Dans cette optique, Vitoria-Gasteiz a dirigé un groupe thématique sur la Ville inclusive au sein du Réseau Espagnol des Villes Éducatrices (REVE). Quels éléments devons-nous prendre en compte pour lutter contre les inégalités socio-éducatives présentes dans nos villes? Pouvez-vous nous faire part de bonnes pratiques en la matière?
Il faut créer des cultures inclusives qui permettent d’élaborer des politiques inclusives qui, à leur tour, favorisent le développement de pratiques inclusives. À cette fin, nous considérons qu’il existe une série de clés dont nous devons tenir compte au préalable et qui peuvent également nous être utiles pour tout autre type d’intervention :
Tout d’abord, nous devons croire fermement que l’éducation est un outil de transformation sociale et un axe fondamental de notre projet de ville.
Deuxièmement, le leadership et l’engagement politique qui permettront d’intégrer ce domaine d’action dans le Plan stratégique de la ville et dans les projets sur lesquels il repose.
Troisièmement, il est essentiel d’avoir la capacité d’avancer dans l’exercice de la transversalité, c’est-à-dire dans la coordination et la collaboration entre les différentes institutions qui agissent dans la ville.
Quatrièmement, nous devons compter sur la communauté. Il convient d’encourager le travail en réseau avec la société civile afin de partager l’analyse de la situation et d’élaborer les actions qu’il est nécessaire de mettre en œuvre.
Enfin, nous devons renforcer les processus qui permettent de connaître la réalité qui nous entoure et analyser les interventions réalisées.
En ce qui concerne les bonnes pratiques en la matière, citons le « Projet Vitoria-Gasteiz Ville Éducatrice ». Un projet qui incarne l’engagement de la Ville de Vitoria-Gasteiz à construire un environnement capable de relever collectivement les grands défis de l’éducation dans notre ville et d’agir intentionnellement pour accroître la cohésion sociale en agissant sur les inégalités et en favorisant l’égalité entre les personnes et entre les différents quartiers de la ville.

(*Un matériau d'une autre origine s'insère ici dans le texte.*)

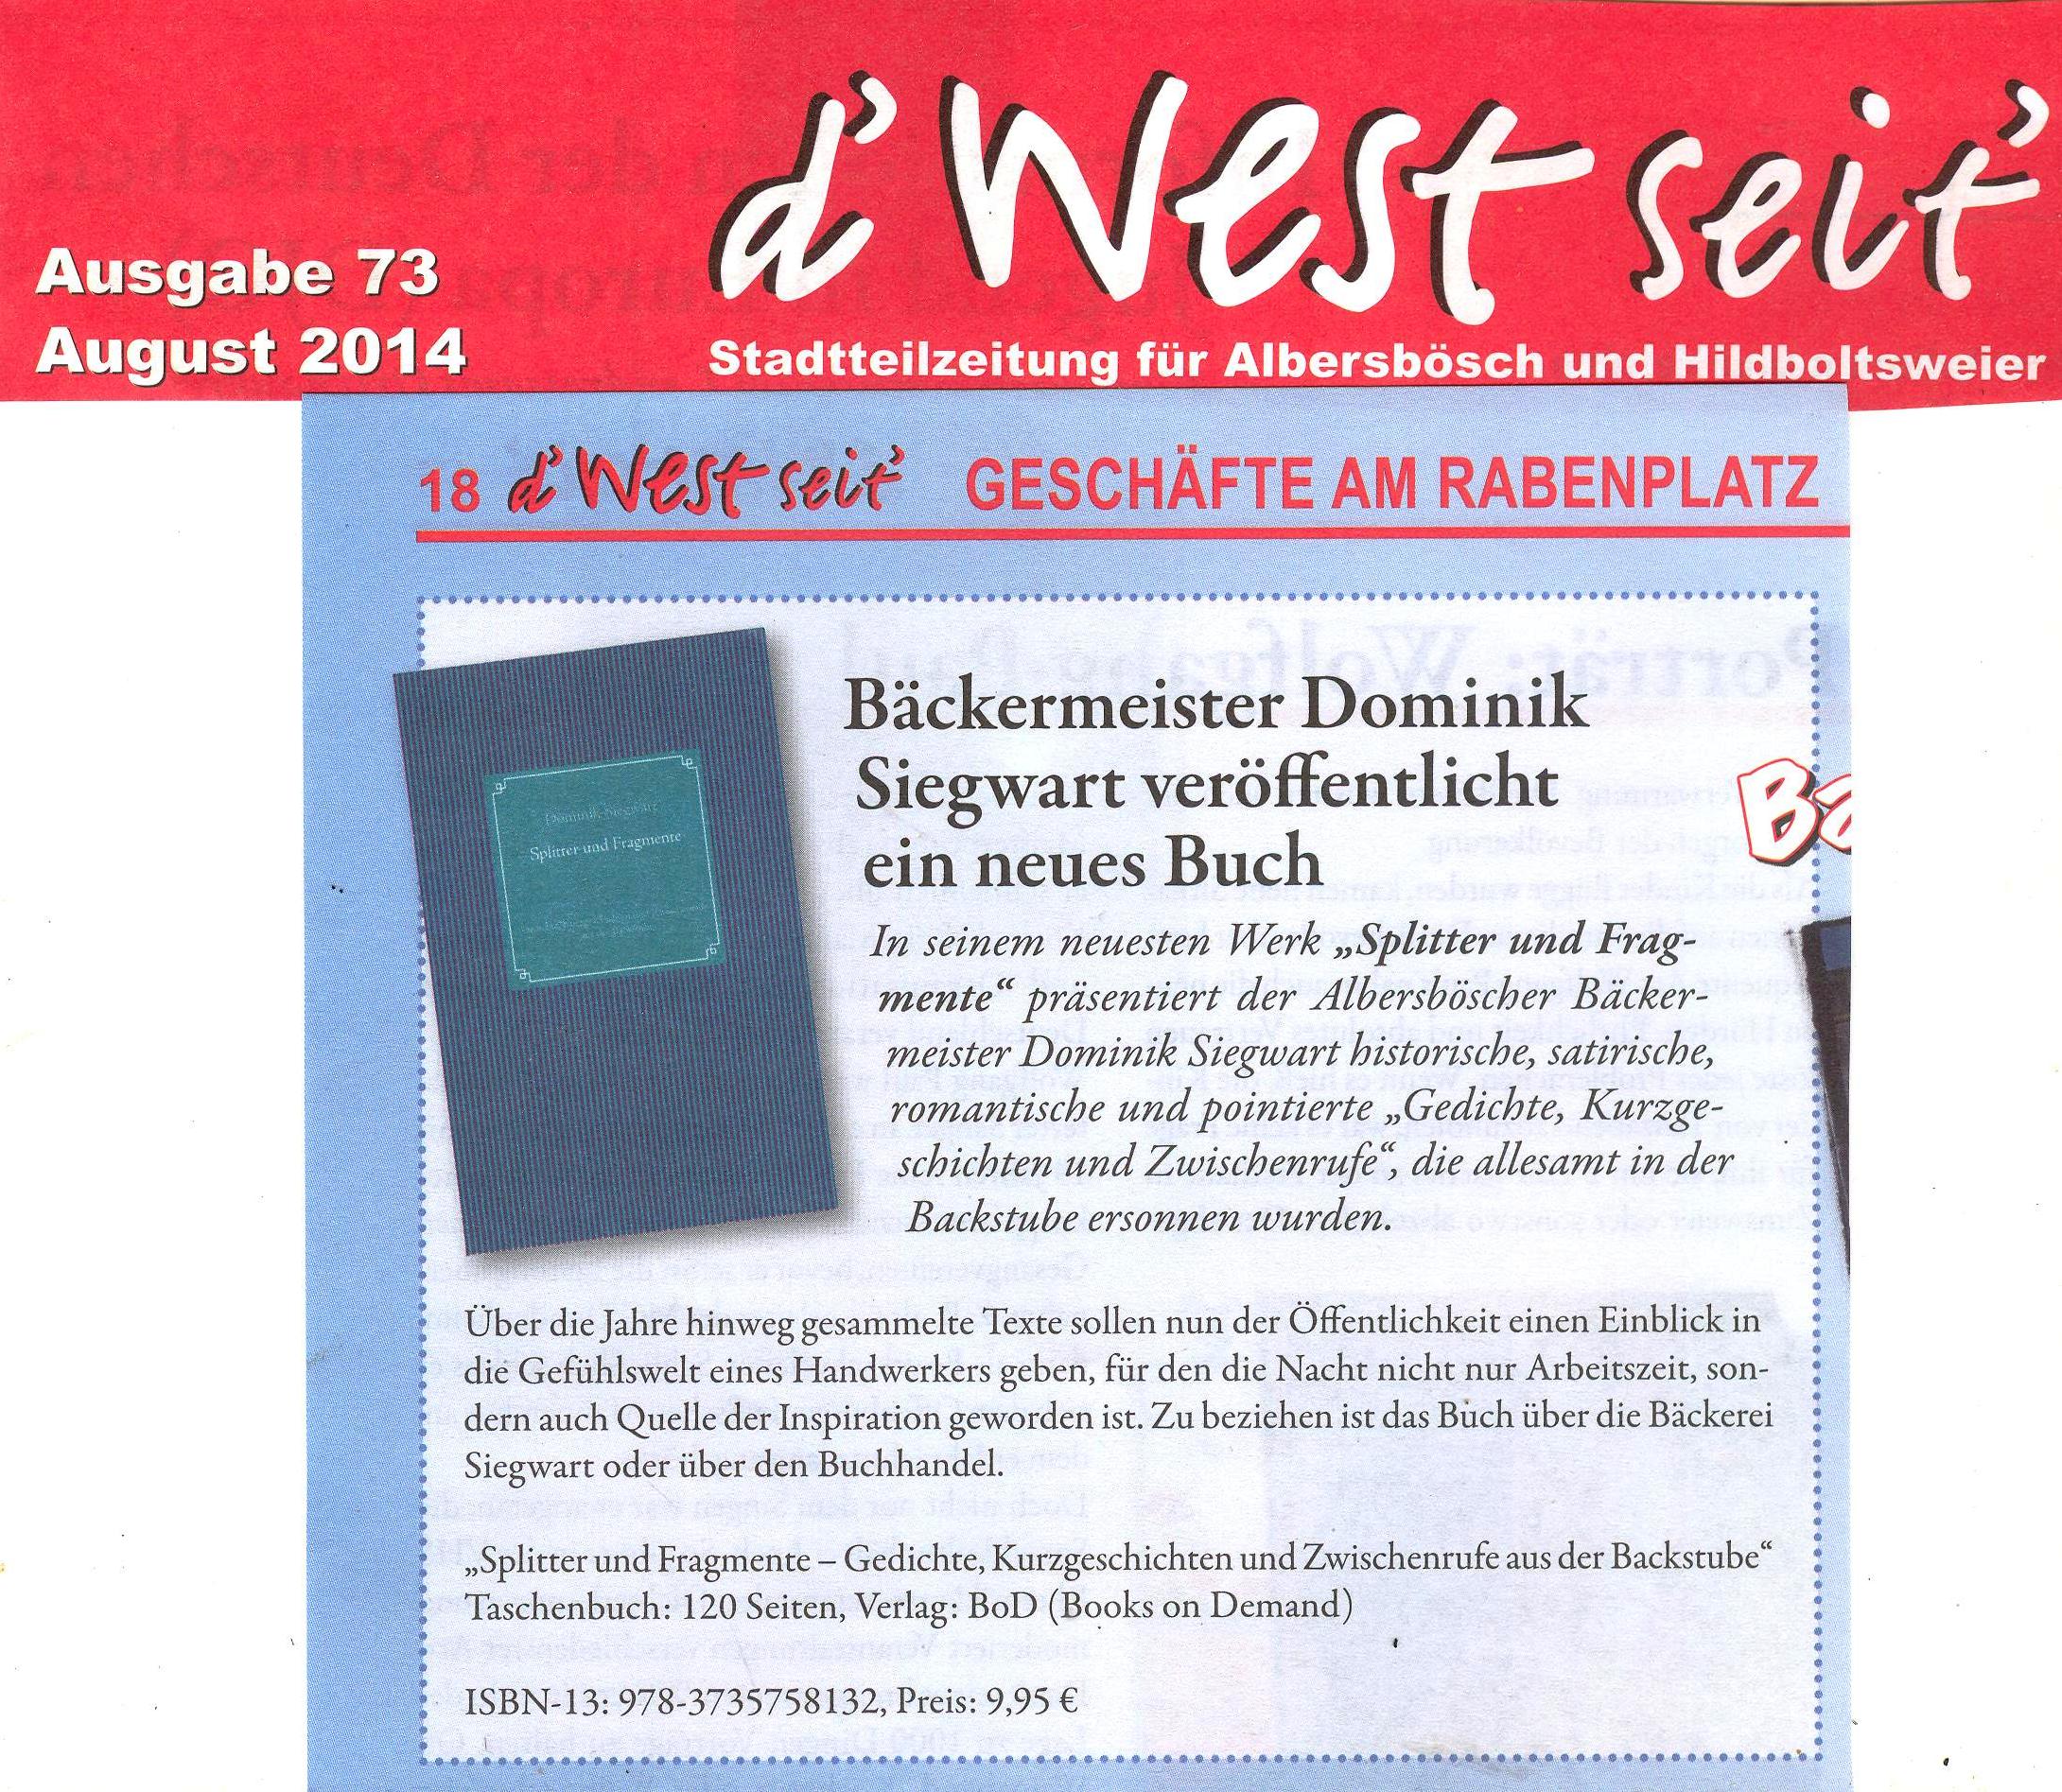 WestSeit - Buchbesprechung.jpg

En outre, la ville est actuellement à la tête du REVE et accueillera bientôt la XVe Rencontre du Réseau, qui met l’accent sur la consolidation d’une ville éducatrice. Que représentent pour la ville l’organisation et l’accueil de cet événement ? Qu’espérez-vous que les déléguées participantes et les délégués participants rapportent à leurs municipalités respectives ?
Nous avons assumé la coordination du REVE, au cours de cette période 2020-2022, avec l’engagement et la certitude qu’il n’est possible de construire la Ville Éducatrice qu’à partir de la coopération entre les différents agents impliqués, et avec une attitude d’apprentissage et de collaboration avec d’autres villes qui partagent les mêmes objectifs.
Pour cette raison, la XVe Rencontre représente, d’une part, un espace de rencontre entre les différents agents socio-éducatifs de la ville et d’autres provenant des villes adhérentes au REVE. Et, d’autre part, l’occasion pour la Ville de Vitoria-Gasteiz de pouvoir montrer aux citoyens son engagement envers les politiques éducatives municipales et la consolidation de notre municipalité en tant que Ville Éducatrice. Pour toutes ces raisons, c’est un grand honneur pour Vitoria-Gasteiz de pouvoir accueillir les villes membres du REVE.